Lean Canvas is a business plan on 1 A4 page. It goes beyond “what it’s going to do” to “what are the problems to solve”, “what makes us different”, “who will pay” and “how are we going to reach them?”.

More about Lean Canvas: http://practicetrumpstheory.com/businessmodelcanvas/

During the workshop we will create Lean Canvases for your ideas (You may or you may not come up with a business idea - it’s up to you. We’ll choose some of the ideas and work in groups) and have a lot of fun discovering various perspectives of your business.

Dojo: Unit, Flow - That Is Lean Thinking

by Piotr Jozwiak

This workshop gives an opportunity to apply Lean thinking and experience it's benefits in safe, dry environment with use of simple paper-folding game. Learn what flow efficiency is, verify importance of focus on a unit, understand where secondary needs come from and observe boost in quality and profit without even thinking about them.

"Experiential Learning Model" by David Kolb is used: workshop starts with an exercise of paper-boat folding in teams, participants are free to choose and use any of their usual approach to production and product delivery. Summary of results is made and discussed, then an explanation of flow efficiency and Lean is given. A second sessions of paper-boat folding follows, for participants to test Lean: to focus on a unit flow, observe results, reflect, discuss - and improve in third exercise after that. Examples of possible Lean applications in participants environments conclude the workshop.

Prerequisite Knowledge:
• none

Learning Outcomes:
• A quick, practical introduction to Lean.
• Experience how a change in thinking improves production revenue and product delivery times along with product quality, waste reduction and customer satisfaction.

Workshop History:
Such workshops where given to 20+ teams (120+ people) as a quick, introductory training to Lean.
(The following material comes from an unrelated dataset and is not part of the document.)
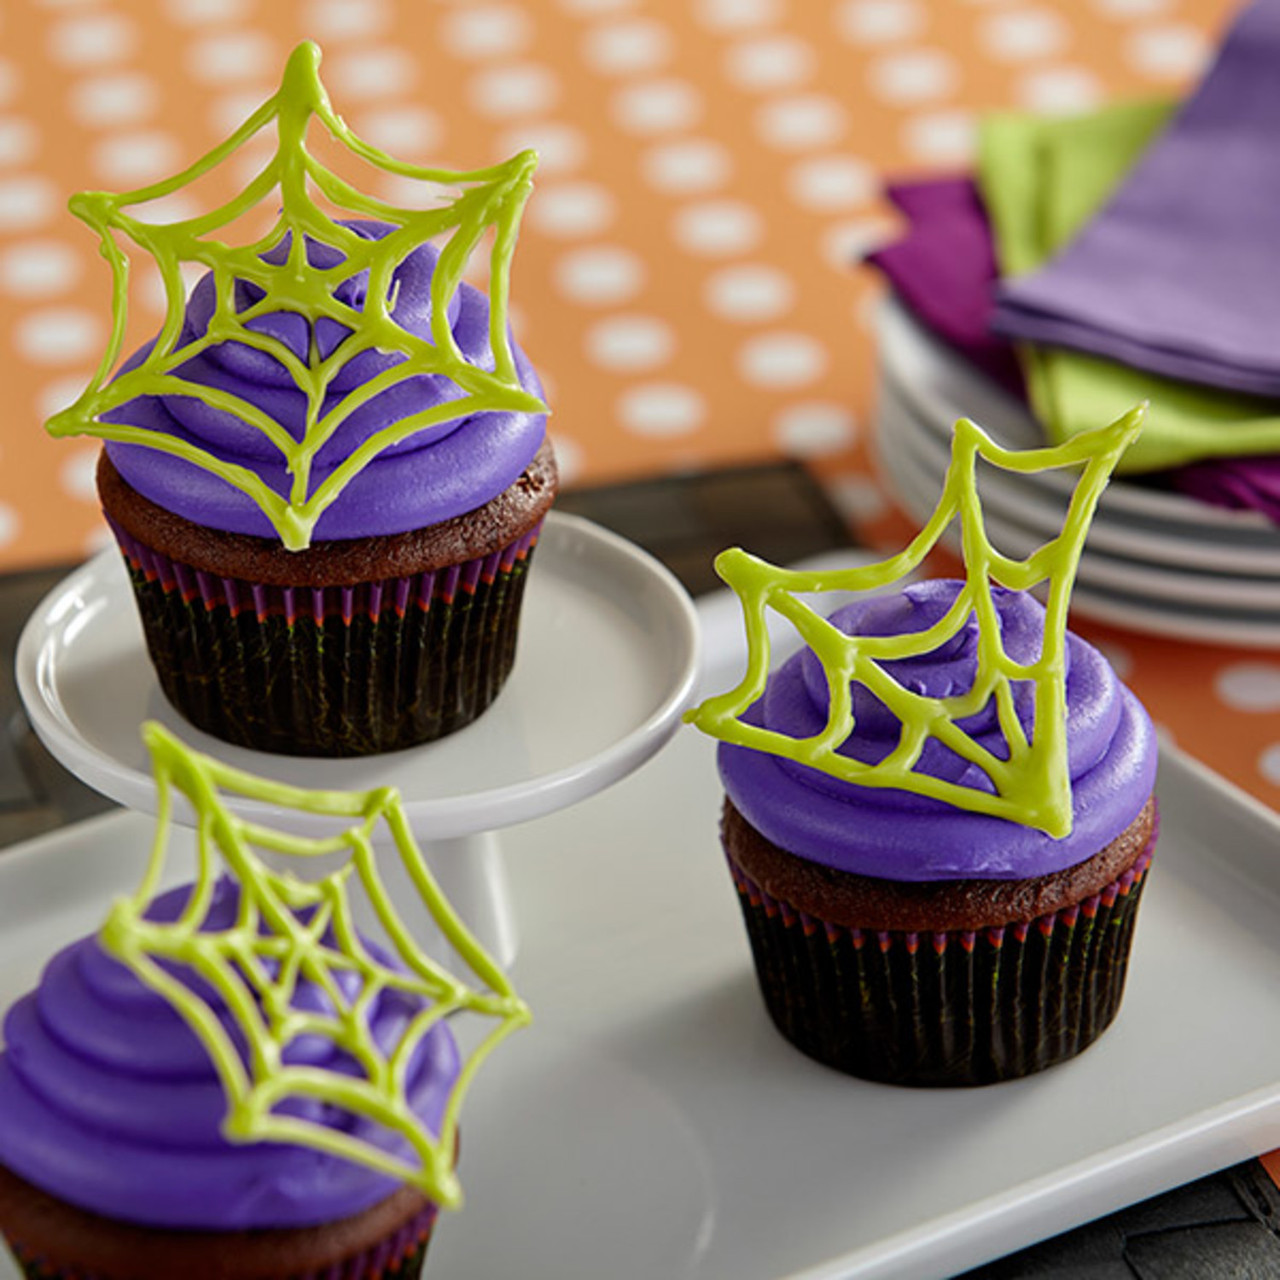 Buy M&M Spiderweb Chocolate Cupcake Kit - 11.68 OZ Spooky Themed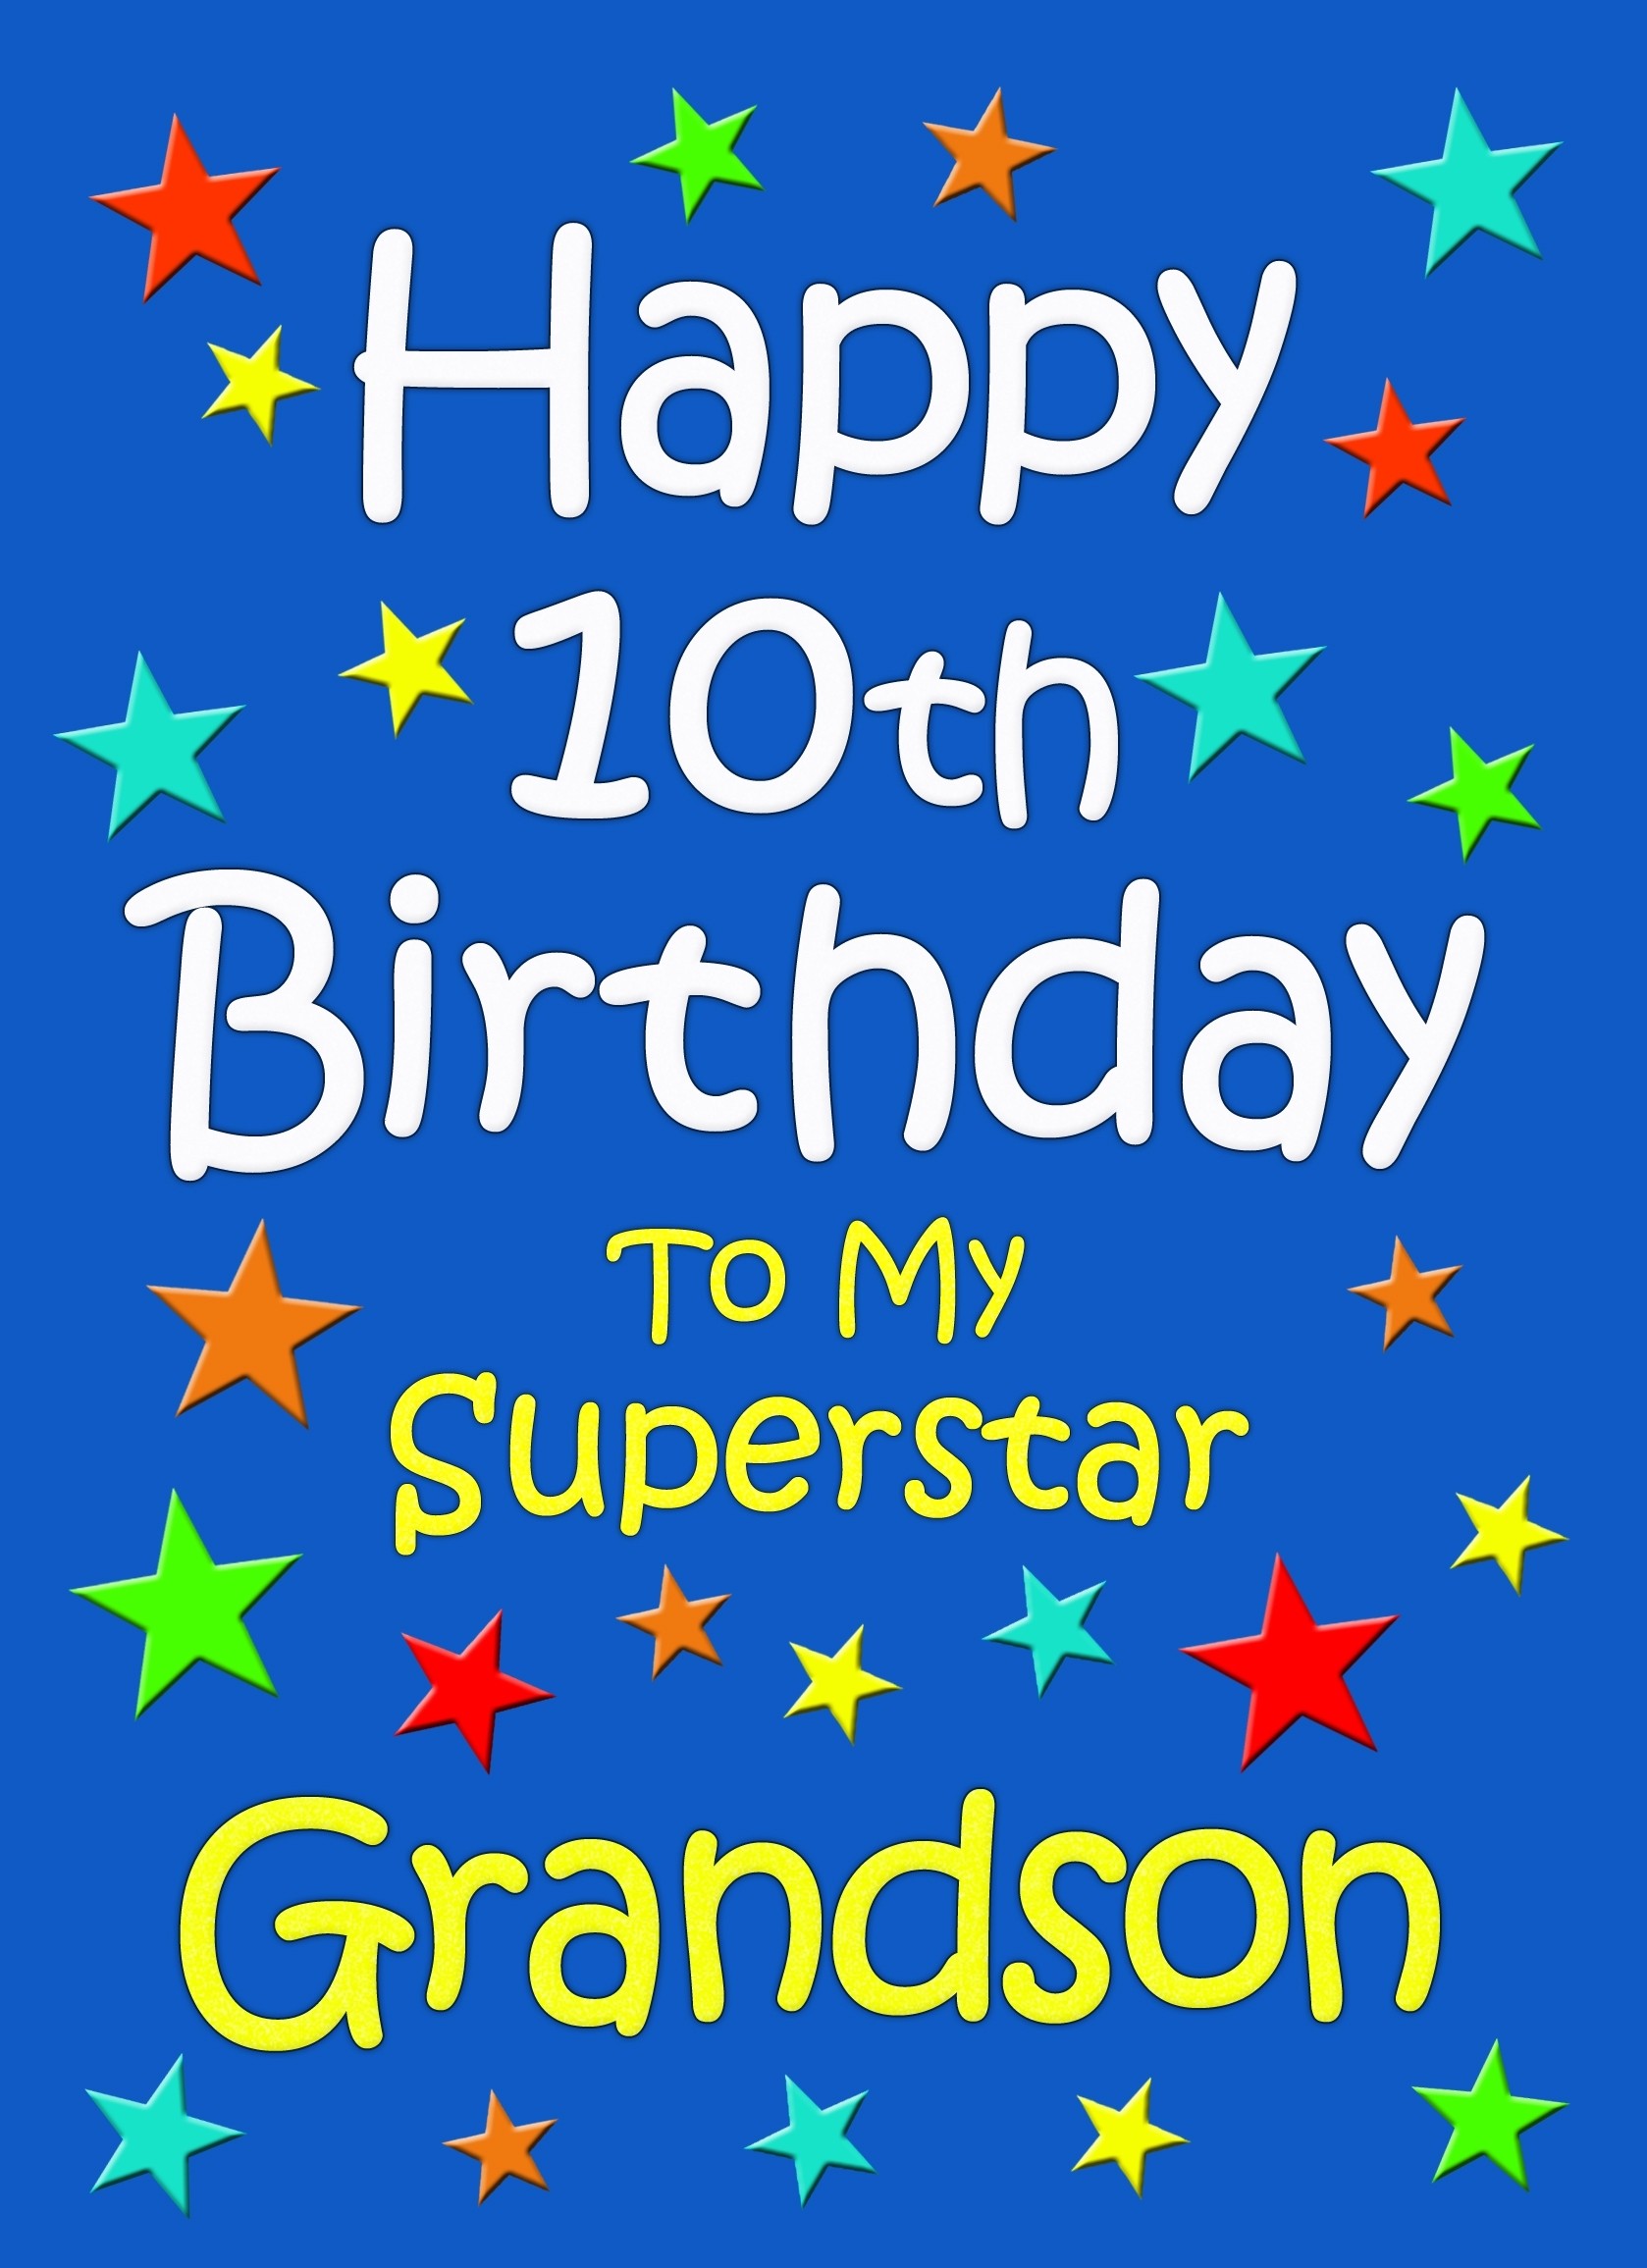 Grandson 10th Birthday Card (Blue)

Dojo: Buisiness Needs Discovering Game

by Radek Lont

One of key process patterns defined by Specification By Example is 'Derive scope from goals'. But the goals come form business needs located in business minds.

Attending the workshop you will learn how to discover business needs during conversation with business people.

Key learning outcomes:

* What is a 'business need' and types of it?
* Set of smart questions to discover and clarify business needs
* How to use Conversation Patterns to deal with conversation deadlock?
* How to suggest business people choosing your own solution of an issue?